Looking back, had the teacher asked if I wanted to be assisted, I’m sure I would have said “no.” My mind would have wanted no part of someone to touch me. Anticipating being touched would have made me crawl out of my skin. And yet, to this day I will tell you that her assist saved my life. My physical body needed a safe touch to know not all touch is violent. My mat supported me as I felt everything from the night before leave my heart space and come into my physical body. Within less than 60 minutes of being on my mat after being assaulted – I had changed.

With everything going on in the yoga world with hands on assists and allegations/accusations/confessions of sexual assault, I am not here to diminish anyone else’s story. Simply, I am here to share mine.

So often men and women alike will listen to the news and take action to almost CYA (cover your a$$). In today’s world, I can absolutely see why yoga teachers are stepping back from offering physical assists.

I would love to challenge that. Offer a different story, a different perspective.

After that assist, after weeks of living with my sorrows trapped in a physical body and mind that I didn’t recognize, I joined a yoga teacher training. If nothing else I would get to be in my “safe space” for a little longer. Through my teacher training experience, we had a full weekend on learning safe physical assists. We offered assists and received assists and through it, I healed. I didn’t even want to hold my friend’s hand as she tried to console me, but yet I could receive an assist from a classmate whom I had met only a few times.

The difference, for me, was the intention. My friend trying to hold my hand was tiptoeing around me, trying to heal me. My classmate’s intention was to help me dive into my body and in turn, help me rediscover the parts of myself that I was neglecting – the parts that needed healing.

After that assisting weekend, I was able to share my story, share my journey. I did it through very ugly tears, but it was the first time I was able to share it fully. In that I had to relive my story. But because of my yoga practice, I could disassociate from that. I am not the chatter in my head. I am not the aches in my body from holding onto all of my tension. I am not my rape.

I was able to embody what happened to me, fully feel it and through that – I was able to let it go. It didn’t happen all at once. But it happened. One yoga class after another I was able to release, surrender. This transformation was through holding strength-based postures, the introduction of new ways of breathing (for me, ujjayi breath helped me stay out of my negative thought patterns and in the present moment), balancing postures helped me ground daily, and savasana and meditation aided the recognition of where I held onto self-resentment, hatred, and embarrassment. And most of all, through giving and receiving physical assists. I felt my teacher’s and peers’ intentions as they guided me towards healing – never forcing or fixing – just offering me the space to explore my physical body in different postures and in turn, challenge my mind and emotions there too.
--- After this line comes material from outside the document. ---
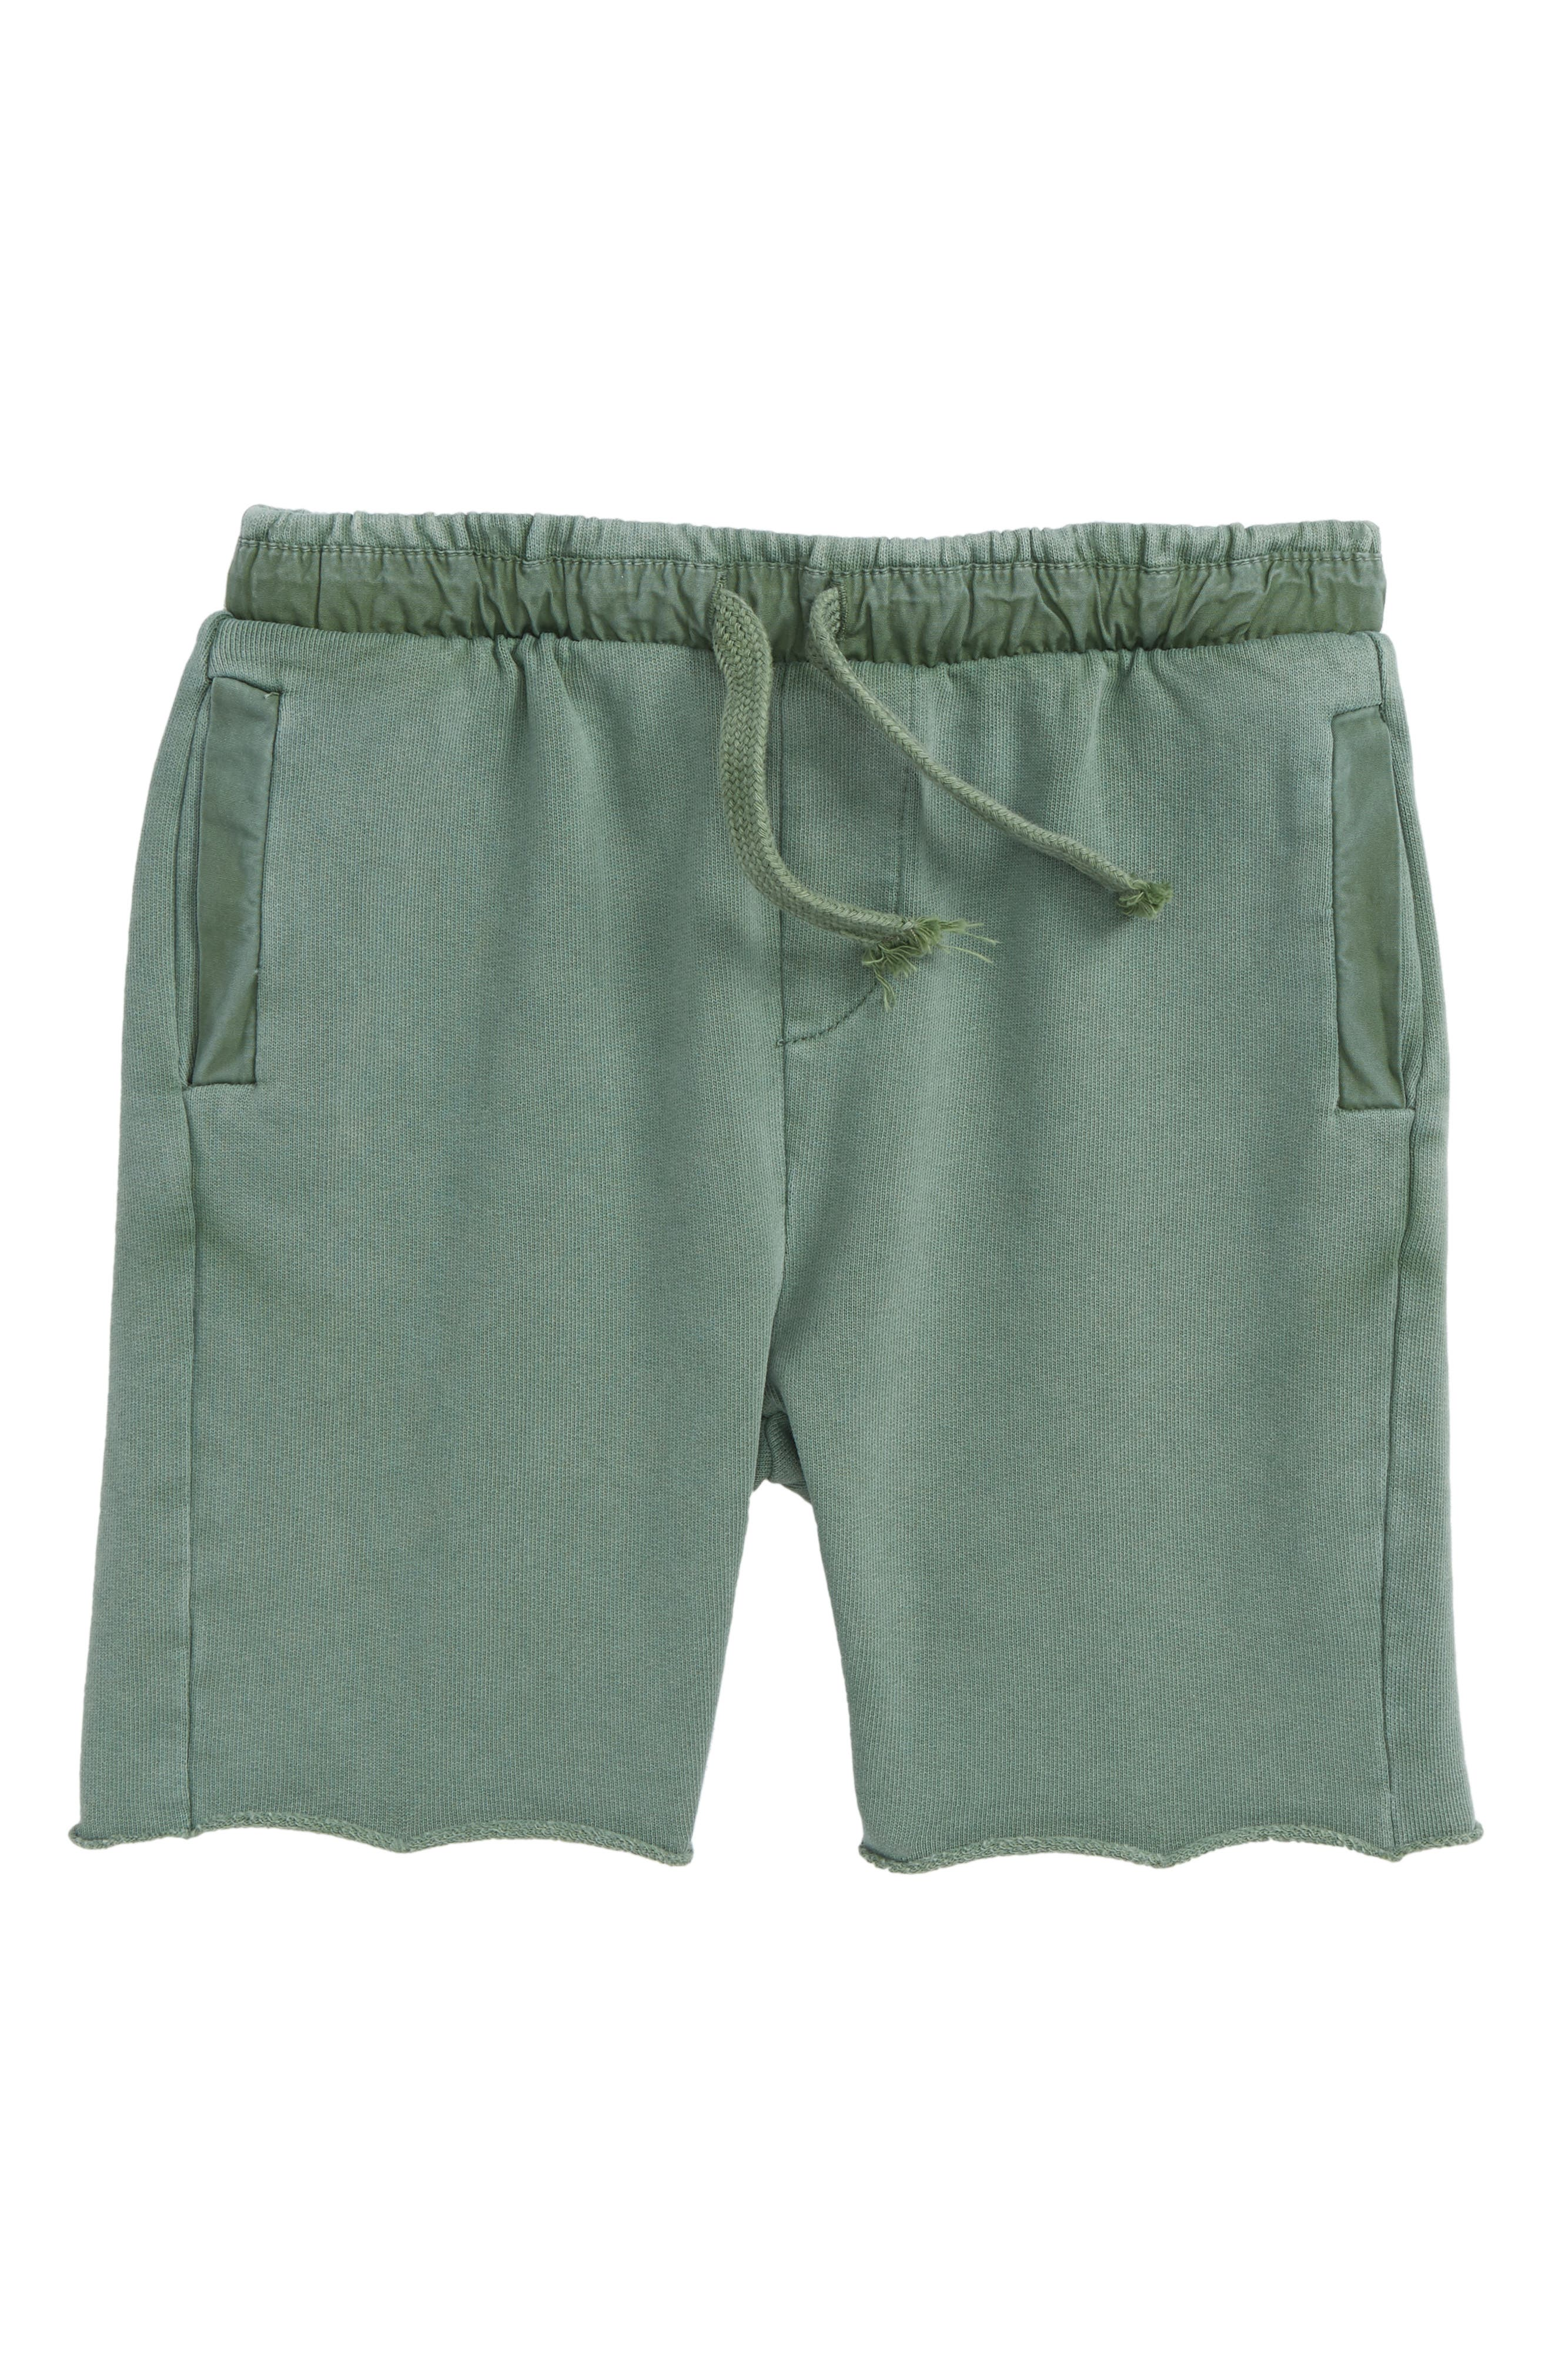 Kids Cullen Organic Cotton Shorts,                         Main,                         color, 370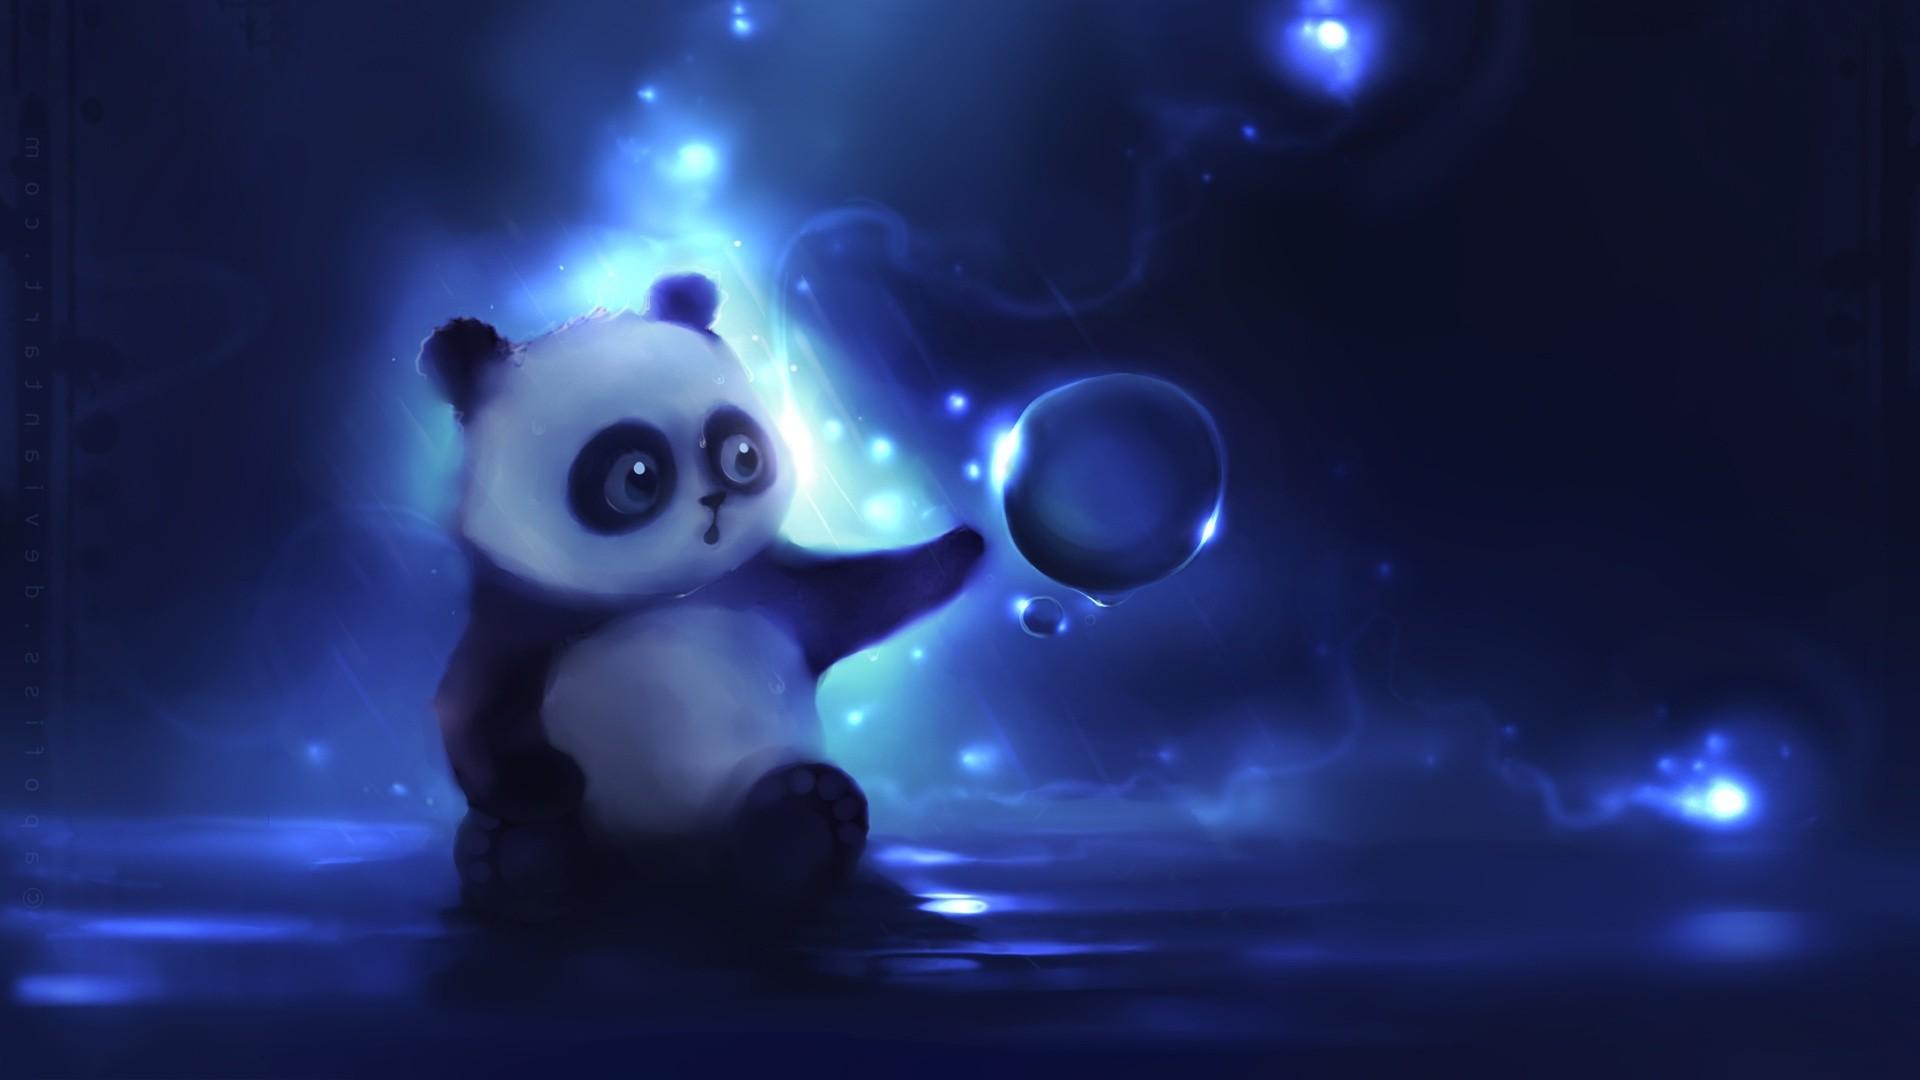 Anime Panda Wallpaper (70+ images)

My yoga practice healed my internal wounds of sexual assault.

So, yoga teachers, know that you have a very vast and important job: you are healing internal and external wounds. I’m not advising to not ask for consent, definitely do. But an assist that I truly didn’t know that I needed saved my life, my spirit, and restored my belief in the divine.

Yogi’s with internal wounds and scars, open yourself up to the possibility that what you think you don’t want, may be exactly what you need – especially if your love language is physical touch like mine. How often in life do we shy away from or avoid exactly what you need in order to heal?

For all the men and women that have been affected by poorly given and/or poor-intentioned assists, my love and condolences go out to you. I pray that you heal, love and receive physical love again on and off your mat.

And I pray that through your yoga practice, whatever it may look like, you recognize and honor the highest version of yourself. For you are in there. May you use your practice to bloom, deepen your understanding of yourself and rise into your highest power once again.